THE HEALTH INTEREST.-Professor Small's understanding of the health interest will appear from the following: "The primary interest of every man, as of every animal, is in sheer keeping alive." "A universal form of the primary interest is the food interest." (196.) "Again, the food interest is merely foremost in a group of interests that are in the most intimate sense peculiar to the body, the animal part of them." "In this group the sex interest is usually made coordinate with the food interest." (197.) "I venture to call all the other positive types of bodily interests by the general name 'the workinterests.' . . . I mean by it all the impulses to physical activity for its own sake. I mean the impulses to physical prowess and skill, that vary from the pranks of childhood to the systematized trial of skill among athletics." The explanation is summarized as follows: "The three species of interest which I call food, sex, and work make up one genus of human interest to which I give the name the health interest. By this phrase I mean all the human

desires that have their center in exercise and enjoyment of the powers of the body." (197.)

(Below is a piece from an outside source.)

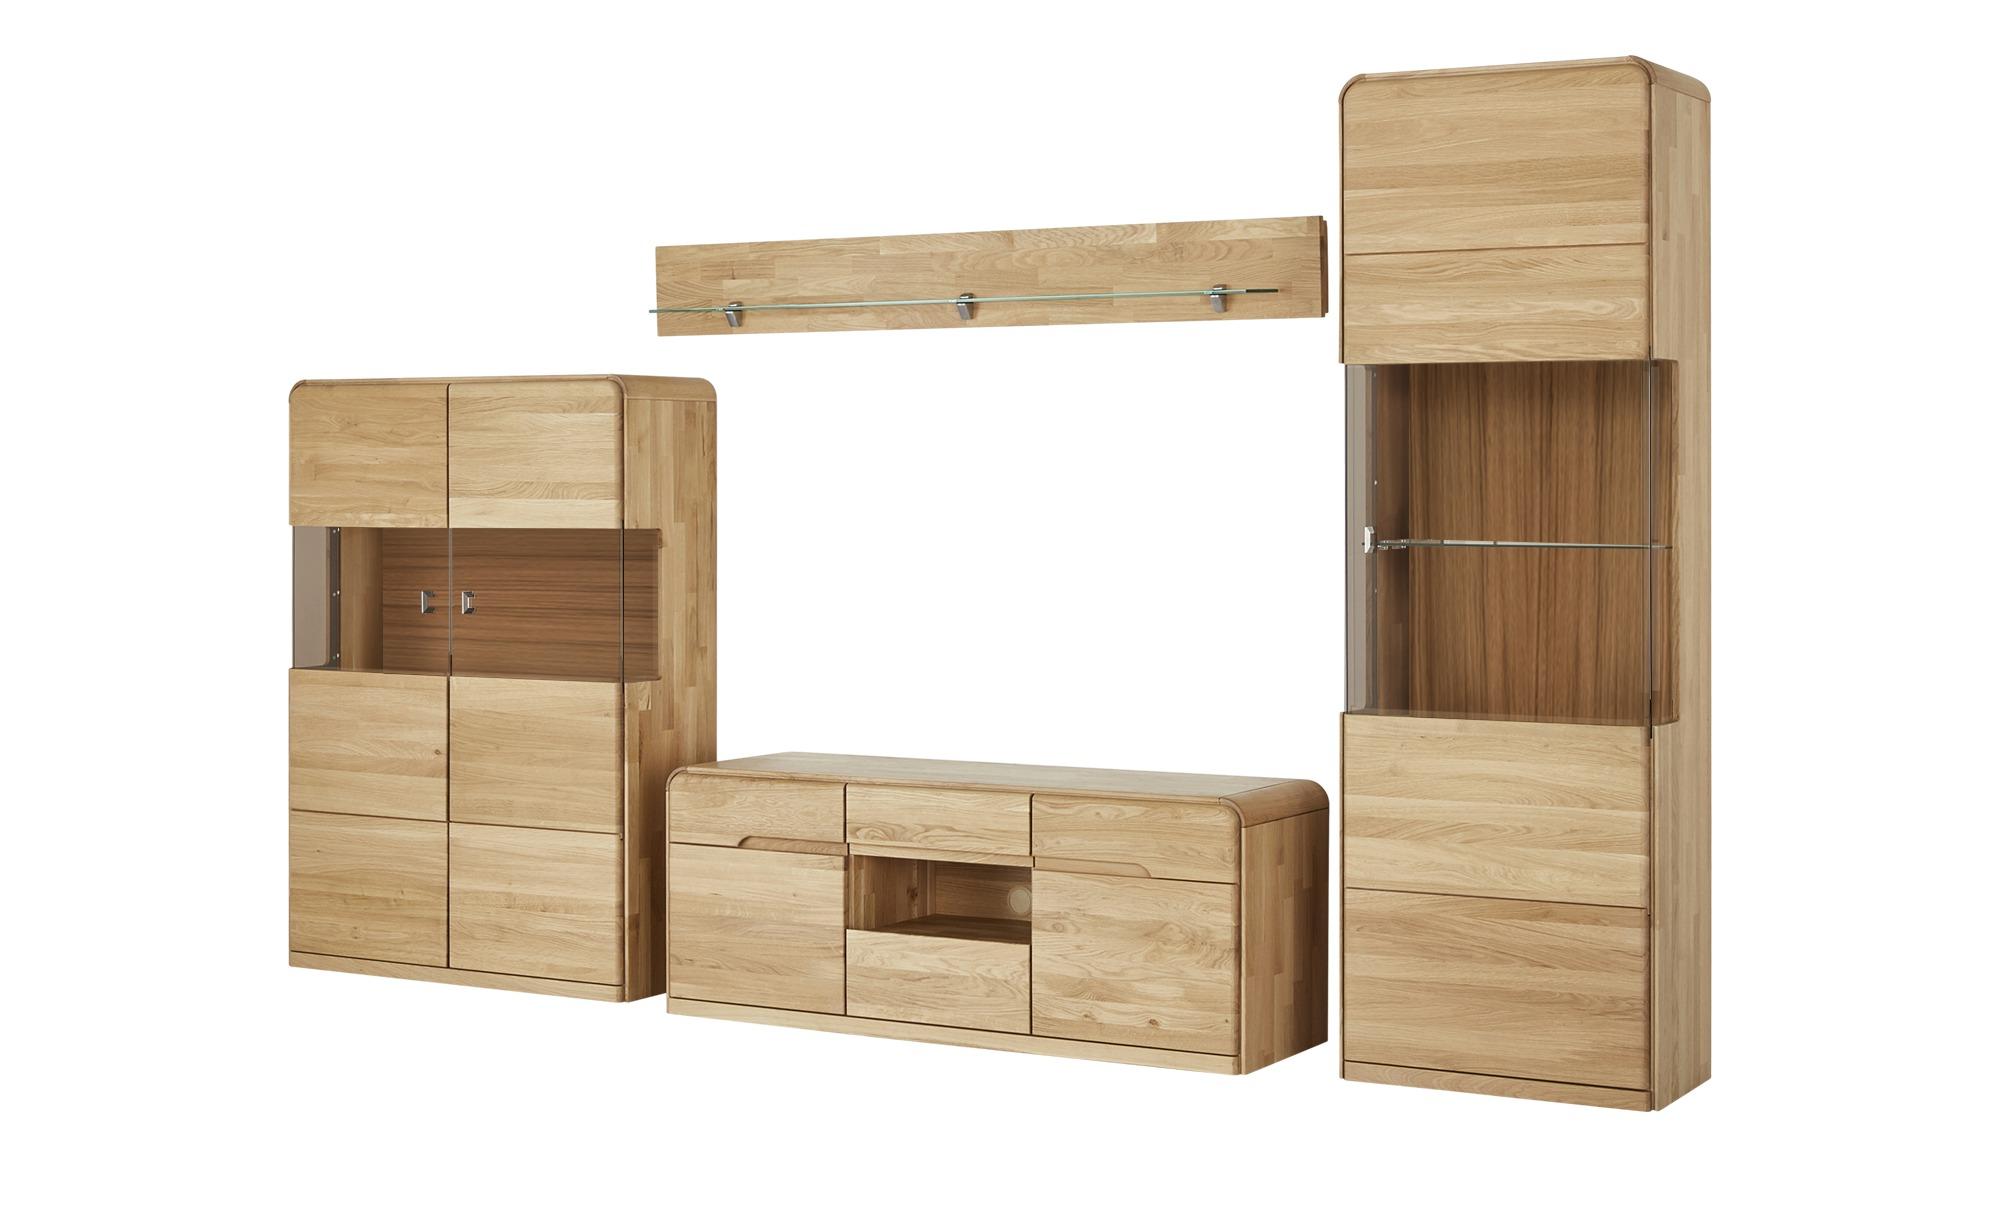 Woodford Wohnwand Merano Holzfarben Maße Cm B 317 H 204 T

There is an interesting agreement between the bona corporis of St. Thomas and the health interests thus described by Professor Small. Self-preservation is the first law of nature. Corresponding to the food, sex and work interests as phases of the health interest in Professor Small's classification we find enumerated by St. Thomas among the goods of the body, food, sex, health, beauty, strength, activity, integrity. The following indications facilitate the comparison: Con. Gen. 3, c. 32; ibid., c. 33; 2-2ae, Q. 65, ad. 3.

THE WEALTH INTEREST.-Dr. Small describes this interest as follows: "We recognize, alongside of health, this second factor which enters into complete personal realization, viz., that lordship over things which is founded upon direct mastery of natural forces." (454.) "Lordship over things in this sense is an essential social function." (455.) Dr. Small recognizes the great range of unlike motives which may inspire the quest of wealth. "The fact that most of the things deemed desirable in highly developed society are to be accomplished only with the aid of wealth, obscures more than it reveals the intimate nature of the wealth desire proper." (450.) Our author understands by lordship over things the conquest of nature and its subjection to human uses. It is the wealth interest as understood by economic science distinct from the popular identification of money with wealth. "It is part of complete human personality to exercise lordship over things." (451.) "Real wealth is not appreciated by men who know nothing intimately of the difficulties of creating wealth. Wealth as the measure and as the realization of man's mastery over things is neither too highly nor too generally valued in our civilization. Wealth as the mere accumulation of things that others have mastered is both too highly and too generally valued." (454.)